For Jim and many like him, it was not them but the world that was crazy.  What was keeping all of it from blowing up, just like the people and placed he had seen “wasted”?  Presidents give the orders and people die.  It’s like a primitive ritual with human sacrifices to bloodthirsty gods.  Jim was sure about only one thing: The people pulling the strings didn’t care what happened to him.

 
“How’d you get it together? That’s what I want to know,” he kept asking.  Our backgrounds were different, but the war gave us a common bond.  Jim was a ghetto kid who didn’t finish high school before entering the service, whereas I had gone to private school, Harvard, and then Europe for a year of postgraduate study before my draft board notified me.  Unlike him, I never saw a psychotherapist while growing up and was never seriously upset until after I came back, and then never so bad that I couldn’t go to school and hold a job, too.  All the same, he knew.  “Something got to you too, huh?”

 
He tested me to see if I’d open up with him. “People like you go into psychology to straighten themselves out, right?”  Yes, I told him, he was right about that.  After years of taking pills and hearing therapists interpret his past and try to modify his behavior, Jim wanted to “relate.”  It was the same hunger that led a dozen of us to form the veteran rap groups that began meeting in New York City in 1970.  In these groups we asked each other and the therapists who volunteered to assist us in gaining the same openness Jim now wanted.

 
After a few meetings Jim asked to be a regular client.  At the beginning he couldn’t take much – he would miss appointments and “forget” to return my phone calls. Eventually, though, we met more regularly, and he began to thrive on the questions I raised.
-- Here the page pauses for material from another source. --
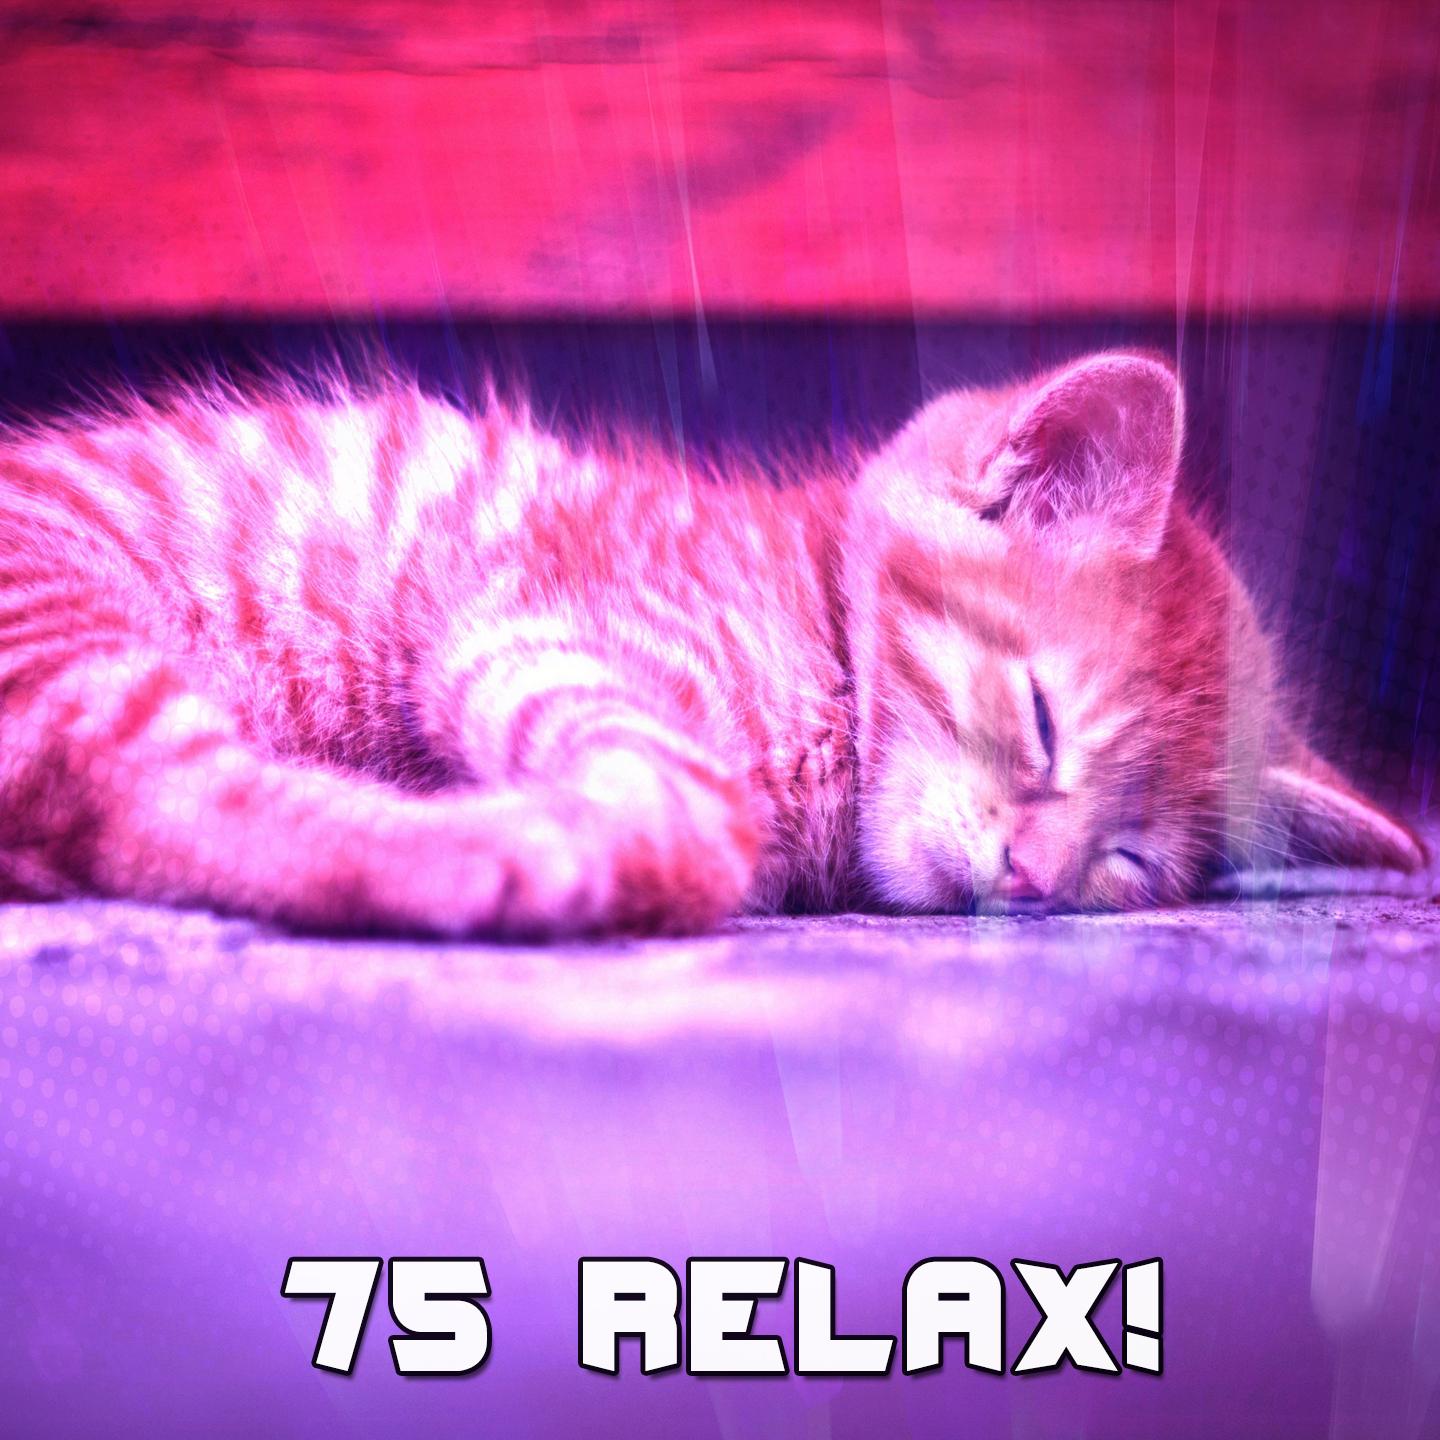 75 Relax!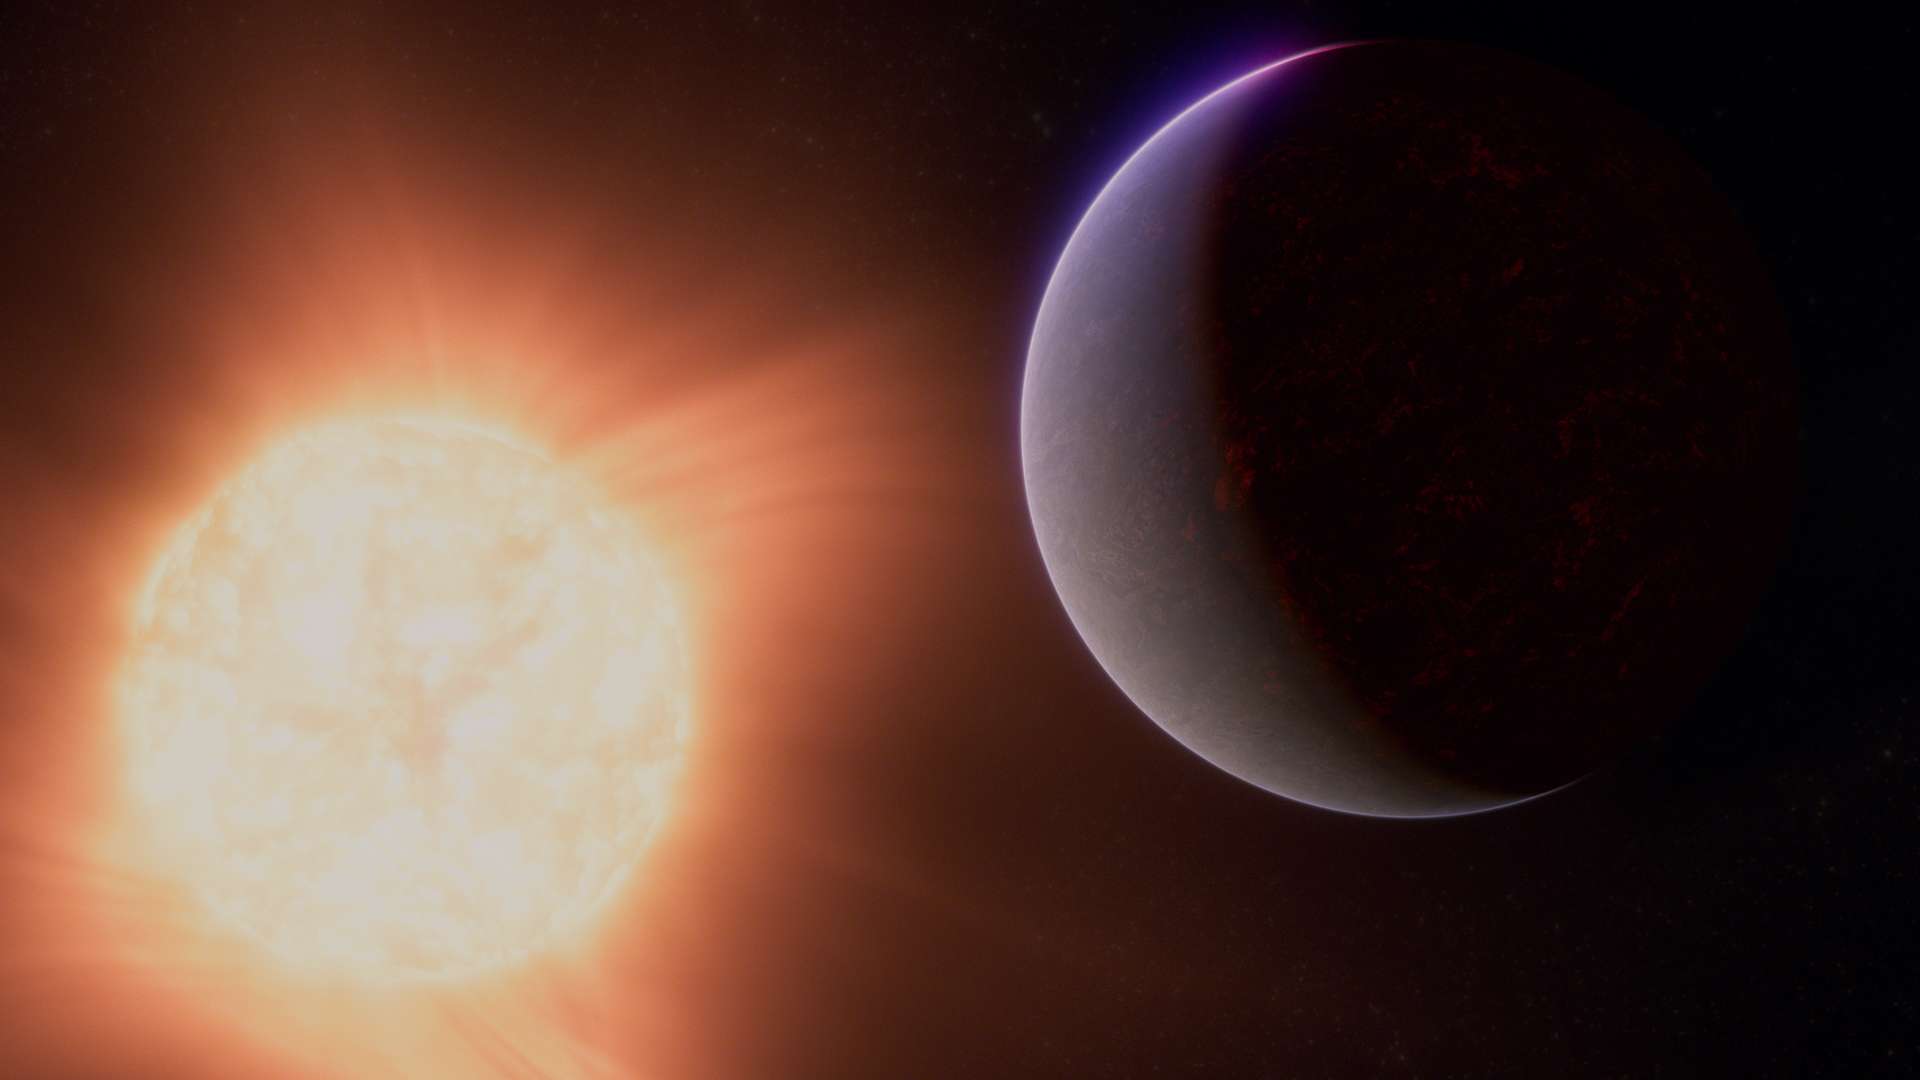 The James Webb Telescope would have discovered the first atmosphere around a rocky planet in another solar system!

What had gotten to him?  What was so troubling?  What made him so vulnerable?  What was he going to do about it now?  How was he going to handle his life?  I didn’t intend for him to answer my questions the way elementary pupils answer their teacher’s drill.  Rather, the idea was for him to use the questions to orient himself, to direct his energies where the questioning pointed.  It was time for Jim to stop telling the same story over and over and to begin living out a new one.

 
The more we worked together, the more he saw opportunities to make himself useful – a gesture that would help his wife, an odd job to pick up some cash, a game he could play with his kids.  He studied enough to distinguish his sensitive reactions from his deluded flights of fancy.  And when he was ready, he acknowledged that his suffering would never make sense o its own.  It would only be valuable if he took it as a lesson, something he could use to remind himself that how he handles his life is up to him.

 
After a few months of groundwork, Jim was out of the VA for good.  Then he got off tranquilizers and stayed away from pot.  In the next year, he and his wife stopped fighting and started talking, and soon after that he was holding a job for the first time since he left the Marines.  Two years after we began meeting he bought his own house and was holding down two jobs.  Instead of complaining about his two kids, which is all he had done when we first met, he’d brag about them.

 
The time came when he raised a more ambitious question.  Given his suffering, and what he’d learned, what purpose would he devote himself to?  “People, I want to do something for people,” he’d say.  One of his dreams was to save enough money to start a summer camp for ghetto kids.  In the meantime, he began seeing the people in his daily lives as the ones to serve.